Learn Mathematics with Free Lessons & Tips

As a seasoned tutor registered on UrbanPro, I can confidently say that UrbanPro is one of the best platforms for online coaching and tuition services. Now, let's tackle your math problem.

To find the mean deviation about the median of a set of numbers, we first need to find the median of the given observations.

Given observations: 2, 7, 4, 6, 8, and p

First, let's arrange these numbers in ascending order: 2, 4, 6, 7, 8, p

Since there are six numbers, the median will be the average of the third and fourth numbers, which are 6 and 7. So, the median is (6 + 7) / 2 = 6.5.

Now, we'll find the absolute deviations of each number from the median:

|2 - 6.5| = 4.5 |4 - 6.5| = 2.5 |6 - 6.5| = 0.5 |7 - 6.5| = 0.5 |8 - 6.5| = 1.5 |p - 6.5|

Since we don't know the value of pp yet, we'll leave it as it is for now.

The mean deviation about the median is the average of these absolute deviations. So, we'll sum them up and divide by the number of observations (which is 6):

Mean Deviation = (4.5 + 2.5 + 0.5 + 0.5 + 1.5 + |p - 6.5|) / 6

However, we also know that the mean of the observations is 7. So, we can use this information to solve for pp:

(2 + 7 + 4 + 6 + 8 + p) / 6 = 7 27 + p = 42 p = 15

Now, we substitute p=15p=15 into our equation for mean deviation:

Mean Deviation = (4.5 + 2.5 + 0.5 + 0.5 + 1.5 + |15 - 6.5|) / 6 Mean Deviation = (10.5 + |8.5|) / 6 Mean Deviation = (10.5 + 8.5) / 6 Mean Deviation = 19 / 6 Mean Deviation ≈ 3.17

So, the mean deviation about the median of these observations is approximately 3.17. If you have any further questions or need clarification, feel free to ask!

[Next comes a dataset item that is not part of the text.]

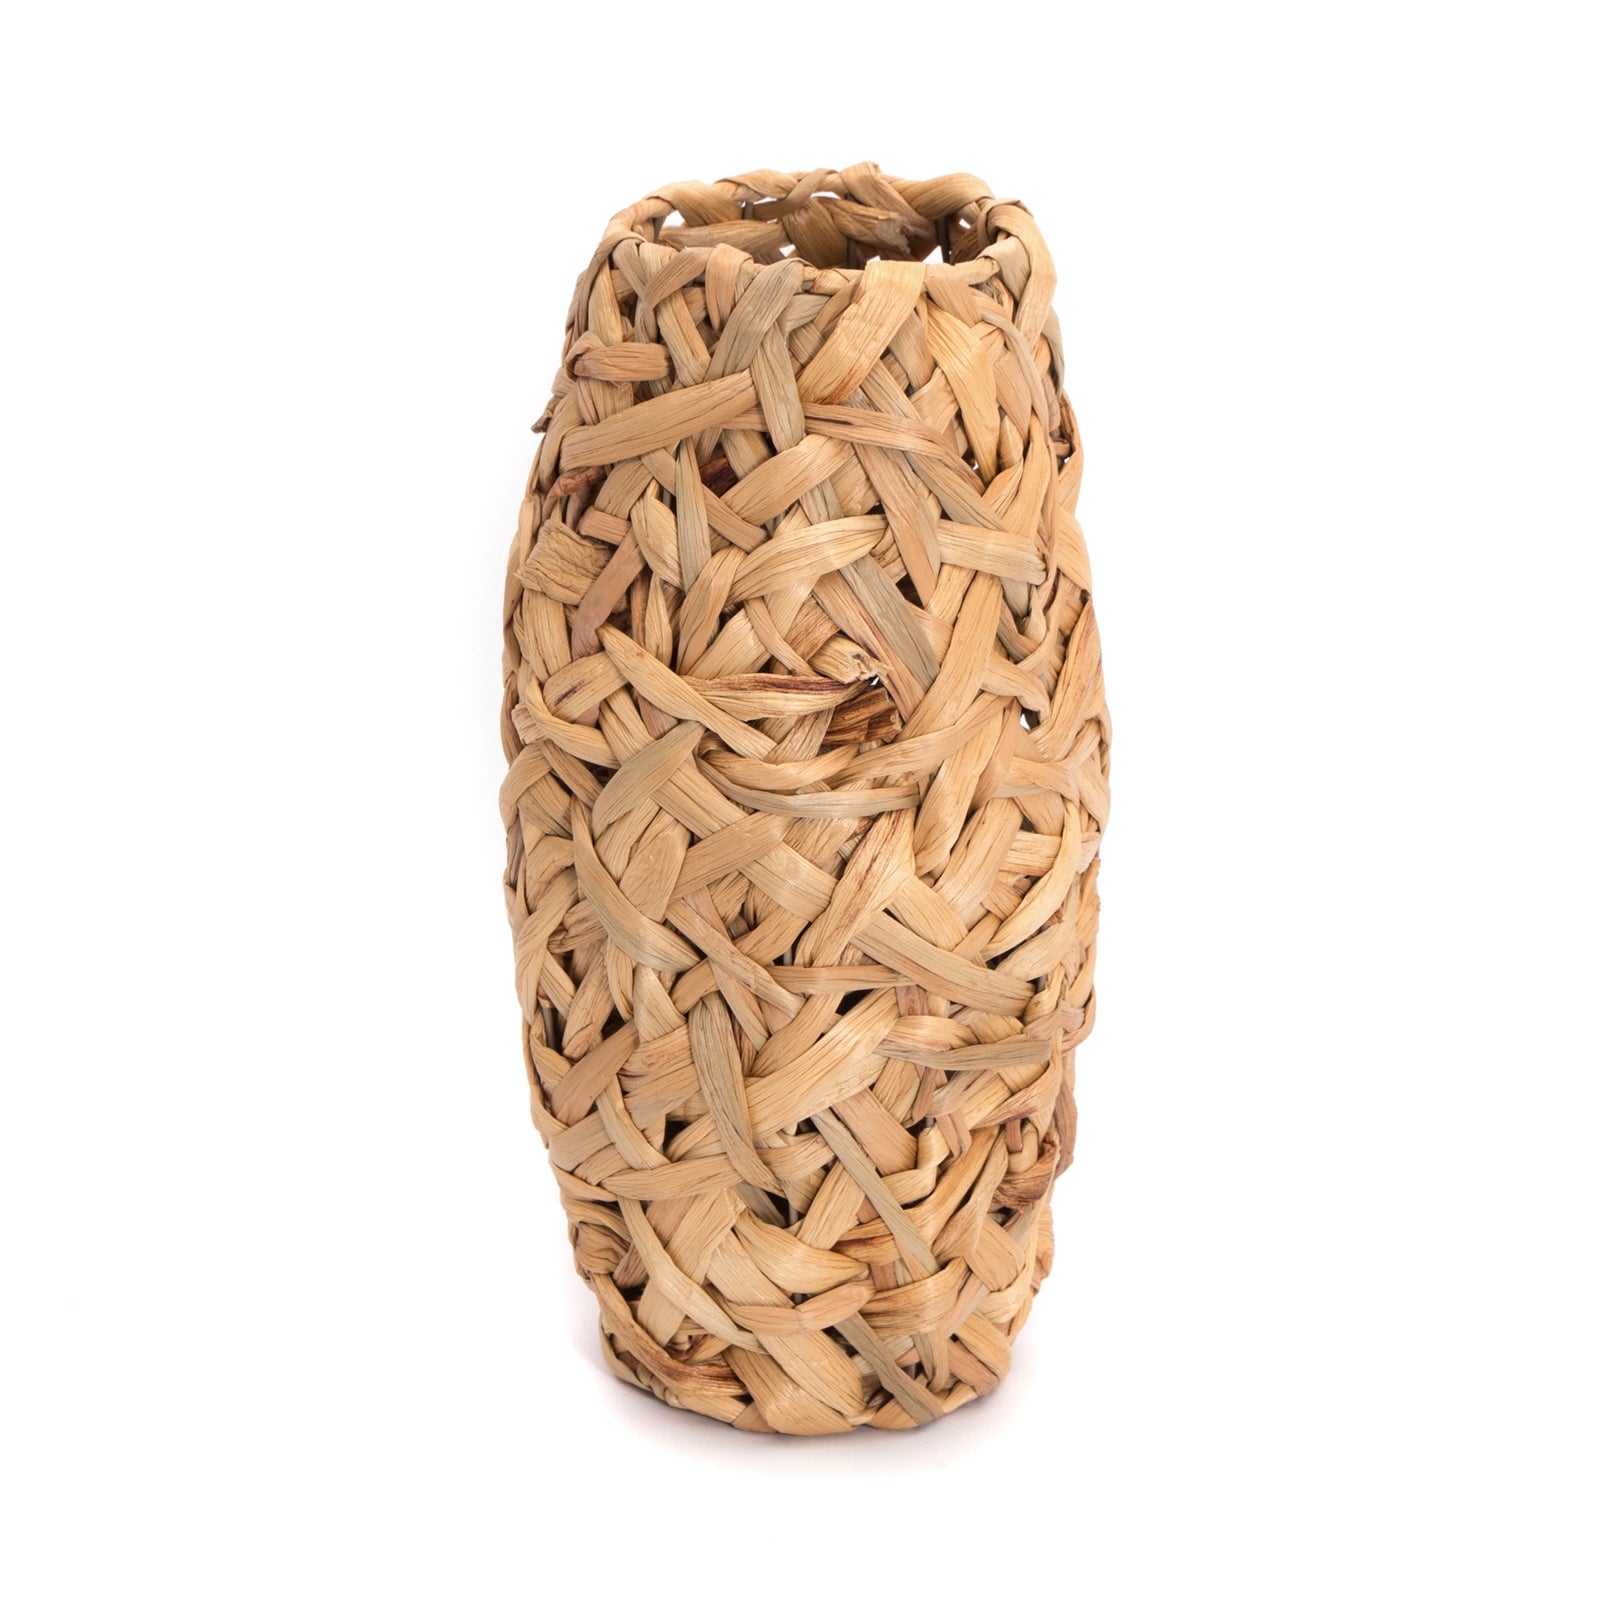 NATUR BODEN VASE "CALIDA" | 40 cm, Wasserhyazinthe | Geflochtene Vase

And remember, if you're seeking personalized tutoring assistance, UrbanPro is an excellent platform to find qualified tutors.

As an experienced tutor registered on UrbanPro, I can assure you that UrbanPro is one of the best platforms for online coaching and tuition. Now, let's delve into your probability questions regarding the gender of the children in a couple.

(i) To find the probability that both children are males, given that at least one of the children is male, we can utilize conditional probability. Let's denote the events:

• A: Both children are males
• B: At least one child is male

We are given that event B has occurred, which means we can exclude the possibility of having two females. Now, we need to find the probability of event A given event B. This can be calculated using the formula for conditional probability:

P(A∣B)=P(A∩B)P(B)P(A∣B)=P(B)P(A∩B)

Where:

• P(A∣B)P(A∣B) is the probability of event A given event B.
• P(A∩B)P(A∩B) is the probability of both events A and B happening.
• P(B)P(B) is the probability of event B happening.

In this scenario, the probability of both children being males and at least one child being male is the same as the probability of both children being males, since if at least one child is male, then both children cannot be female.

Therefore:

• P(A∩B)=P(A)P(A∩B)=P(A)
• P(B)=1P(B)=1 (because we know at least one child is male)

Thus, P(A∣B)=P(A)P(A∣B)=P(A).

Now, the probability of both children being males in the absence of any other information is 1441, assuming the genders of children are equally likely.

So, the probability that both children are males, given that at least one of them is male, is also 1441.

(ii) Similarly, to find the probability that both children are females given that the elder child is a female, we can use conditional probability.

Let's denote the events:

• C: Both children are females
• D: The elder child is a female

We want to find P(C∣D)P(C∣D).

In this case, if the elder child is a female, then we are sure that the younger child cannot be the elder child, and hence the younger child has to be female as well. So, P(C∣D)=1P(C∣D)=1.

Therefore, the probability that both children are females, given that the elder child is a female, is 1.

I hope this clarifies the concepts of conditional probability for you! If you need further assistance, feel free to ask. And remember, UrbanPro is an excellent resource for finding quality tutors to help with topics like this.